Likewise, he explained why in Havana there are more blackouts during the day: because they have decided to use more energy in actions that activate the economy, for example in irrigation for rice plantations or in key sectors such as tobacco.

“We must take advantage of this as an opportunity,” he stated, “and understand that the country has to sustain itself with the energy sources that we produce.”

As for a possible dialogue with the United StatesDíaz-Canel reiterated what he already said via social networks: Cuba is willing to do so, as long as it is “without pressure, in a position of equals, of respect, without addressing issues that we can understand as interference with our national sovereignty.”

For the rest, he reiterated several times the idea that “all components of our territorial defensive systems are preparing,” and emphasized “priorities” such as “elevating the functioning of the Party, the State, and all institutions” to “prepare for an attempted attack”; establish a “political mobilization plan” – which was exemplified with the funeral honors for the 32 Cubans killed in the US operation in Caracas – or “the way in which we have to develop political communication, which has to respond to wartime communication.”
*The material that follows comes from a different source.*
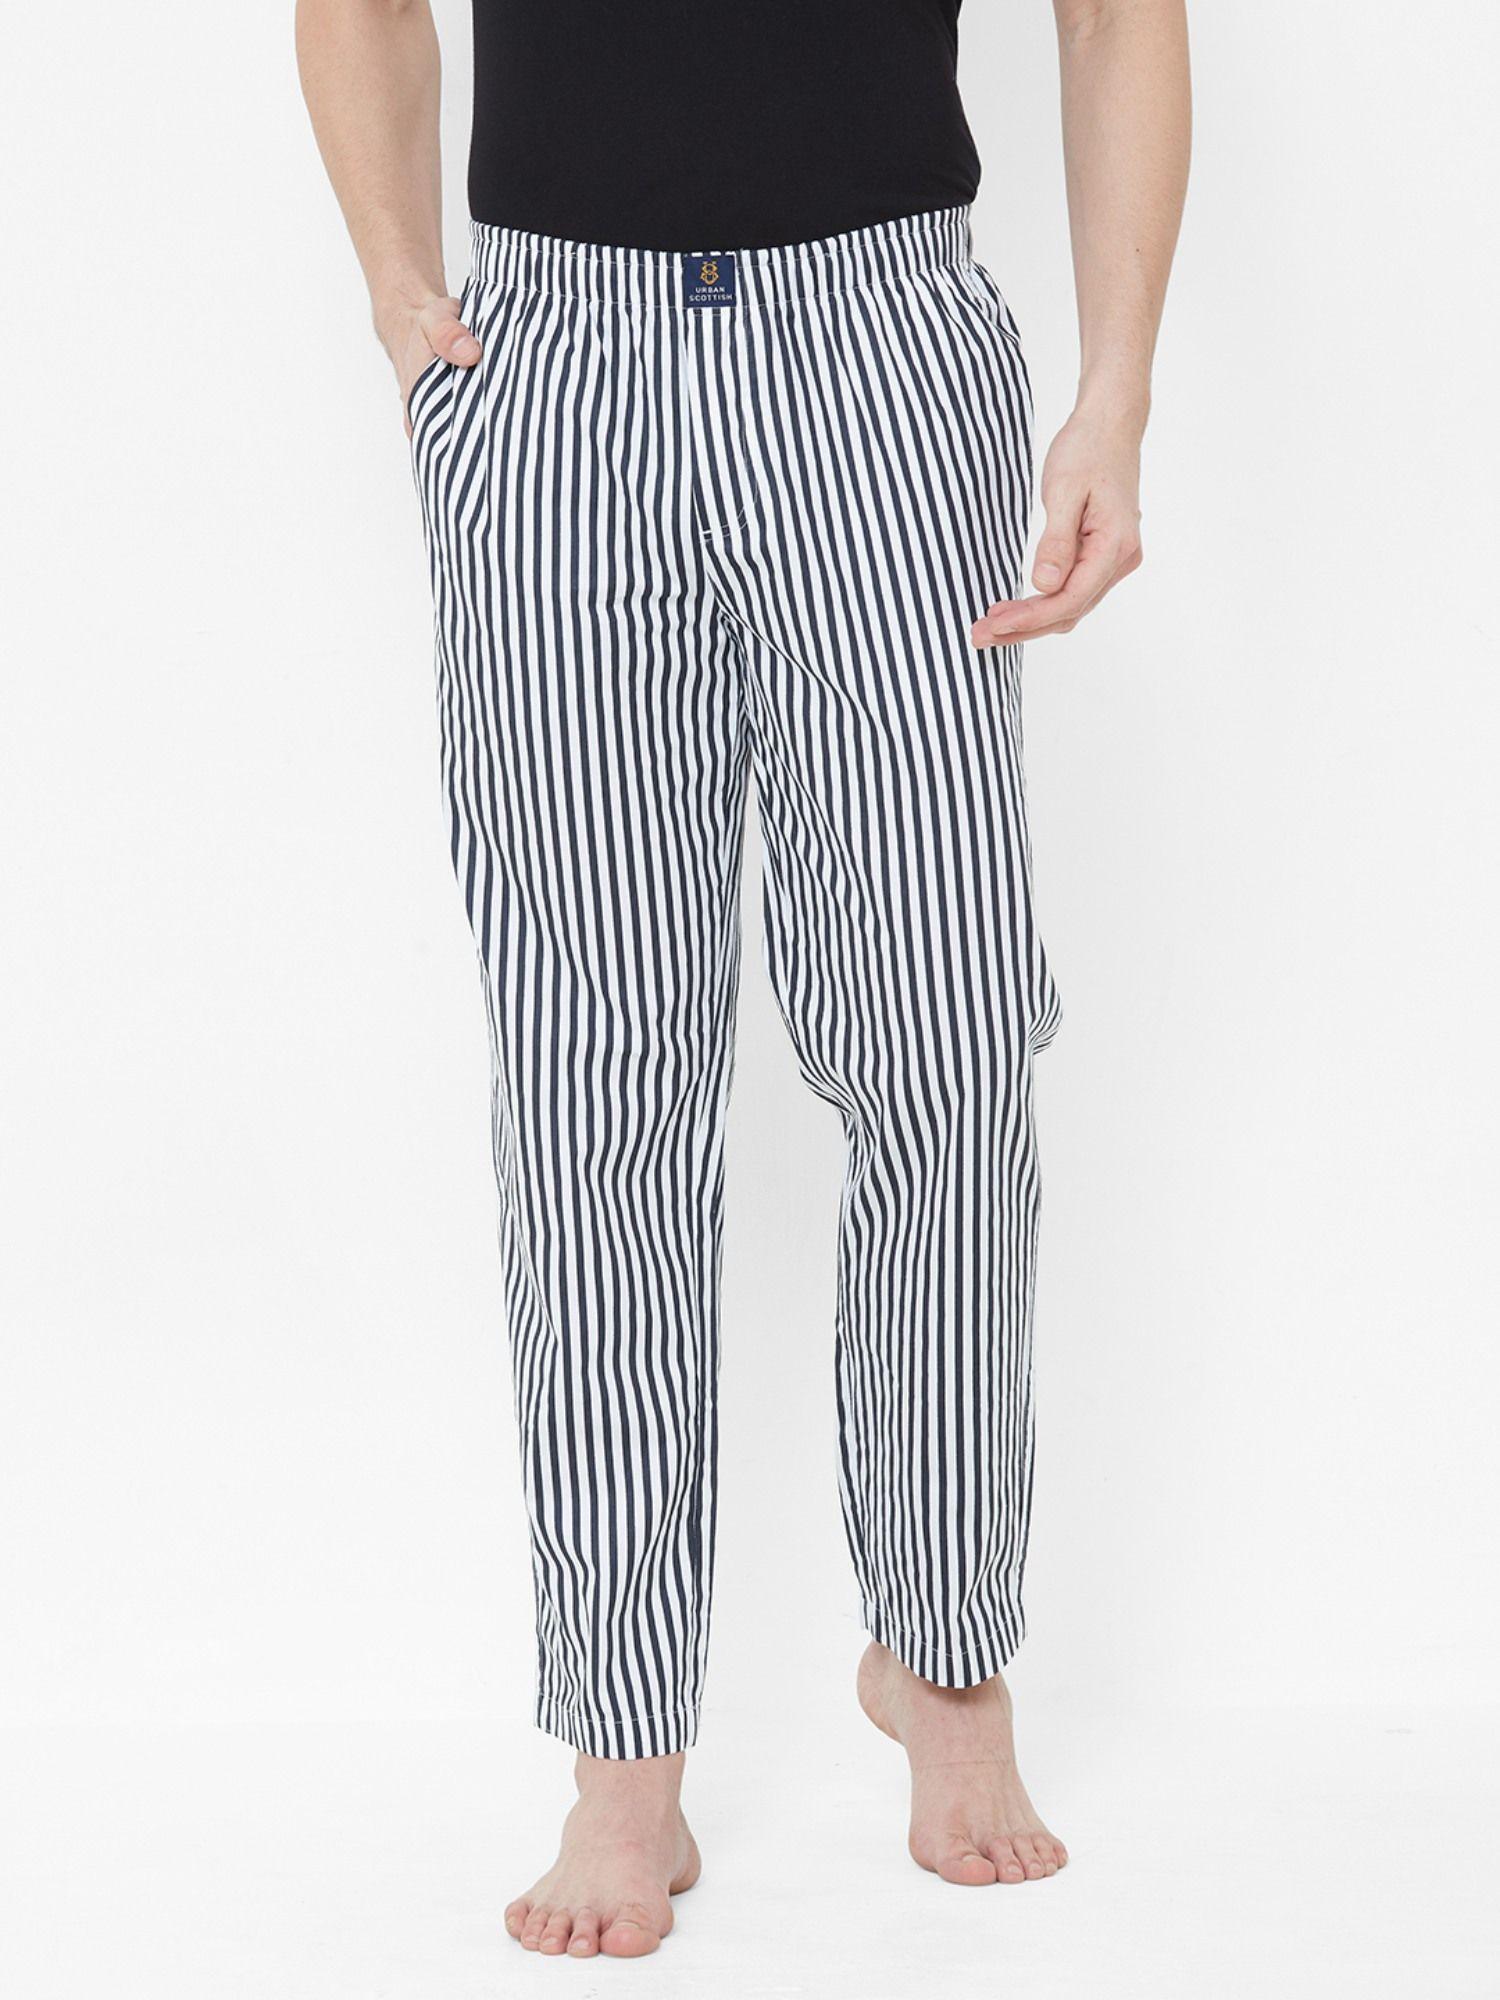 mens multi-colored pure cotton striped pyjama

The conference was not a good example of political communication, in which the complacency of the media bordered on the hilarious at times. Thus, when the director of the Prensa Latina agency asked him: “Are we a country that sponsors international terrorism? Do we protect terrorists in Cuba?”, and Díaz-Canel answered: “You ask me some questions that you have answered thousands of times.”

Several testimonies came to this newspaper from Cubans who did have electricity but who turned off the transmission halfway, in desperation. “He’s talking rubbish and we’re not here for that,” said a Sancti Spíritus employee before leaving for work, for which he was already late.
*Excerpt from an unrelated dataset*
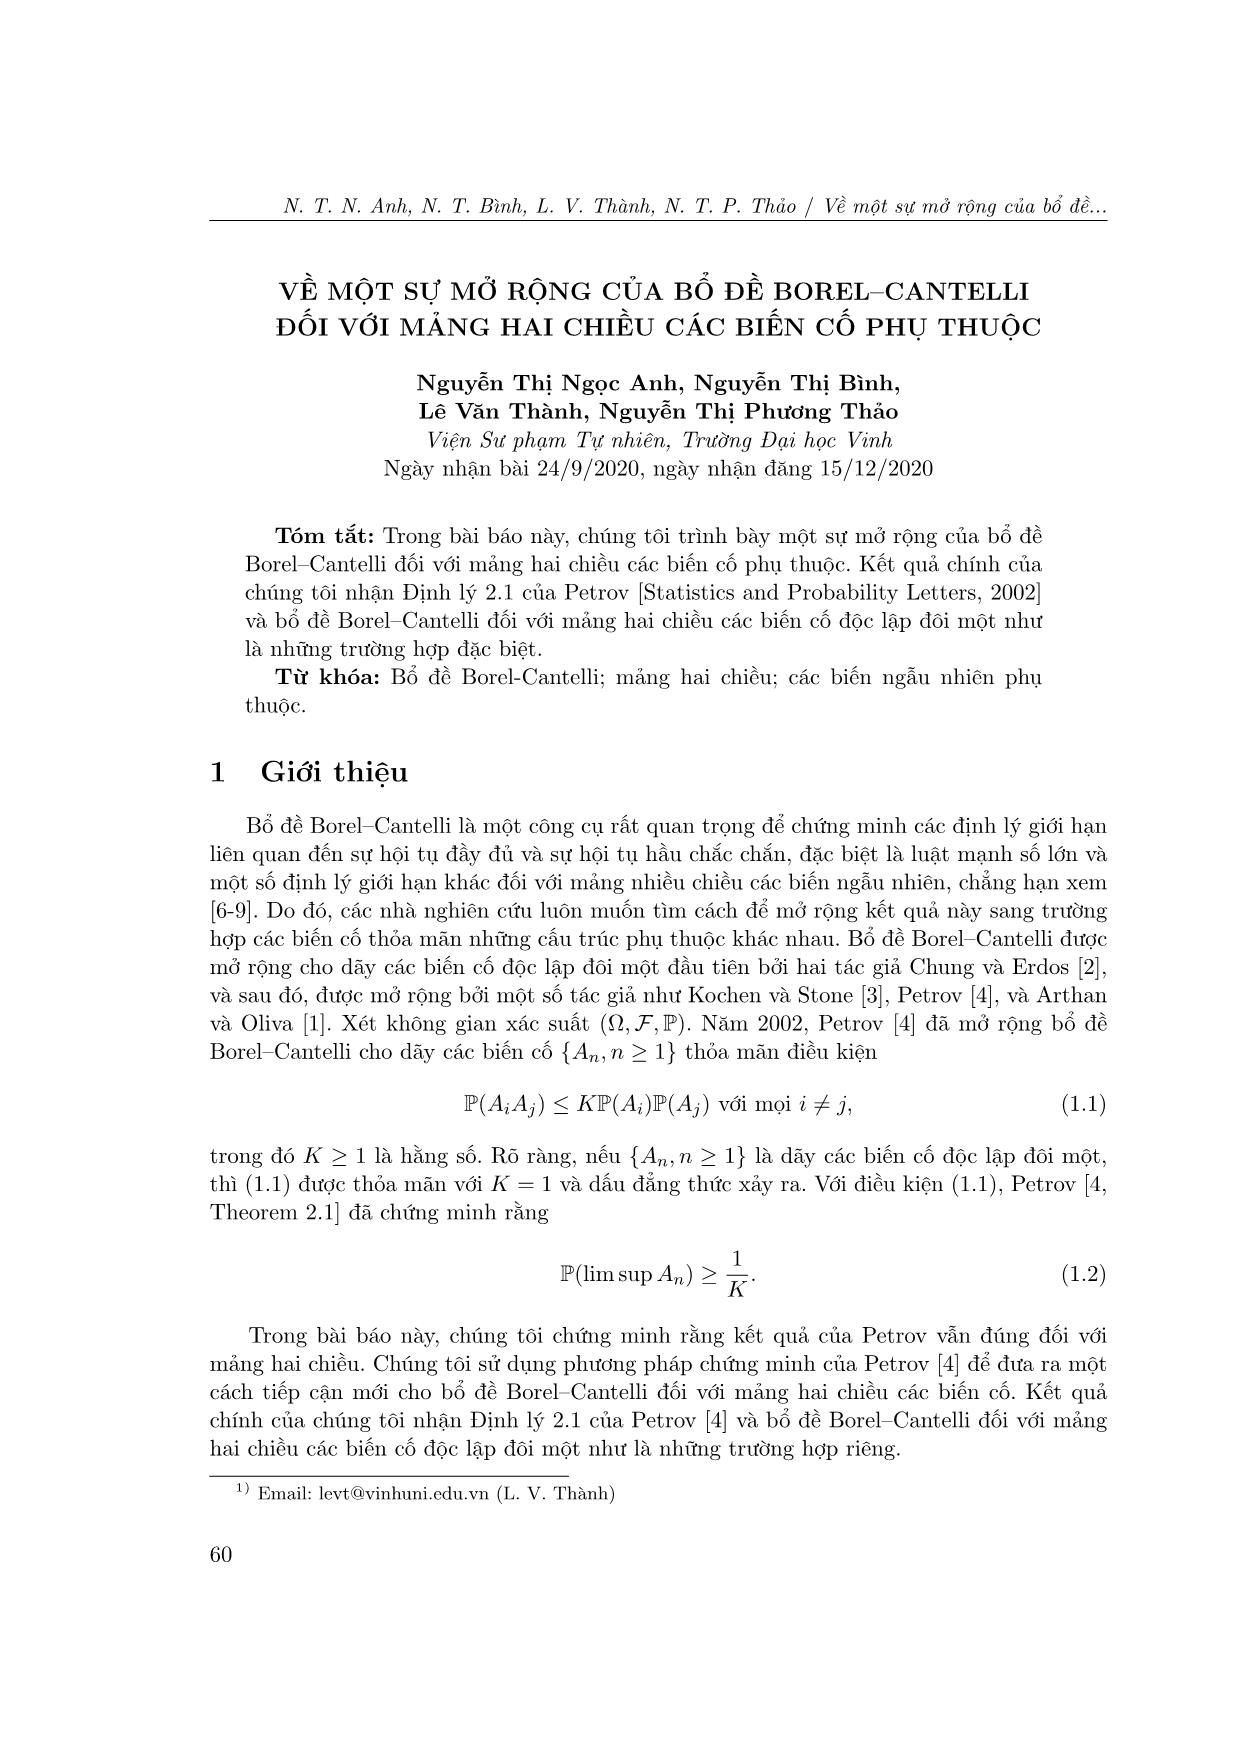 Về một sự mở rộng của bồ đề Borel-Cantelli đối với mảng hai chiều các biến cố phụ thuộc trang 1

“Discussing, debating, contributing, that does not produce electricity,” lamented a retired teacher from Havana.

“Discussing, debating, contributing, that does not produce electricity,” lamented a retired teacher from Havana. “With that rhetoric there is no possible progress.” A young mother asked online from Holguín for link from the internet broadcast: “My mother-in-law is tired of all the grinding and wants to turn off the television.”

In short, the fear of what Fidel Castro called in the Special Period “option zero” continues to hover over Cubans, the total absence of fuel. Those educated in those nineties remember a subject with that name, in which they taught how to take notes with charcoal or write on corrugated cardboard from packaging boxes, as well as the speeches pontificating about the idea of ​​abandoning the cities (a la Kampuchea, the Cambodia of the Khmer Rouge) and planting the food that was needed with one’s own hands.
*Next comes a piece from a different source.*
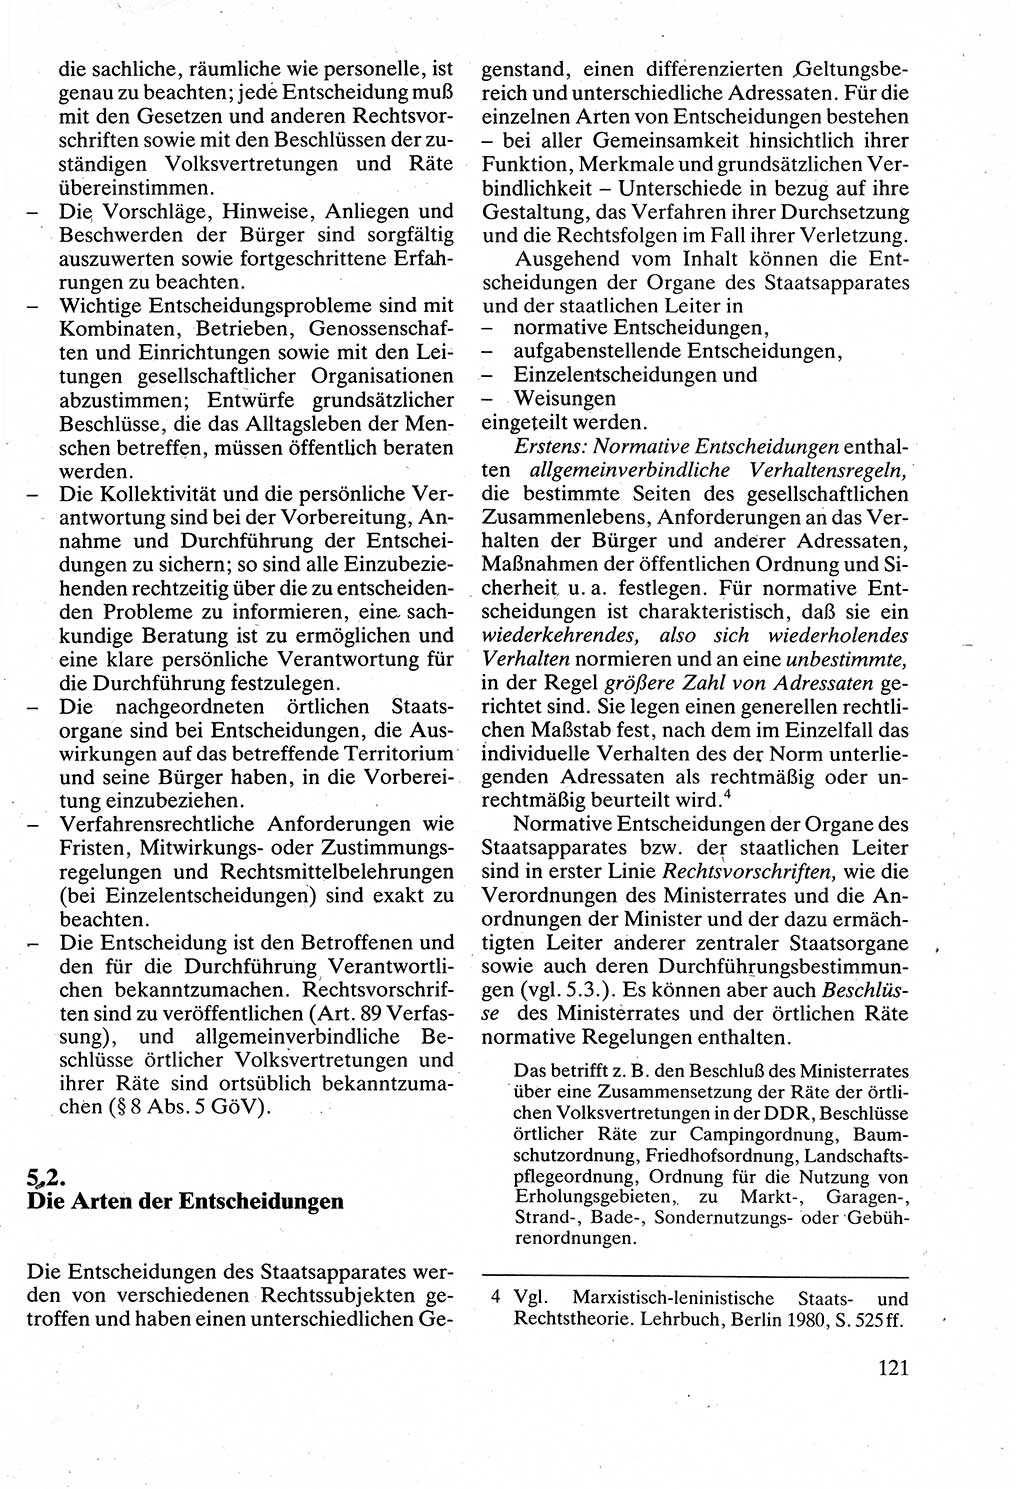 Verwaltungsrecht [Deutsche Demokratische Republik (DDR)], Lehrbuch 1988, Seite 121 (Verw.-R. DDR Lb. 1988, S. 121)

In recent days, from different places on the Island they reported to 14ymedio be summoning state workers to communicate energy cuts in the face of the extreme crisis situation. In Varadero, hotel employees were informed to remain “a full week” in the place, organizing themselves in shifts, “due to the oil contingency.”

Much more briefly, the Vice Minister of Foreign Affairs already announced, Carlos Fernández de Cossío that severe measures were coming, just a few days ago. In an interview with EFE, the vice chancellor said that the Government was defining a “reorganization process,” and stated: “It is not something simple, it is something difficult for the management of the Government and it is something very difficult for the population as a whole.”

After a press conference by Díaz-Canel, lasting more than two hours and before complacent media, Cuban citizens still do not know what awaits them.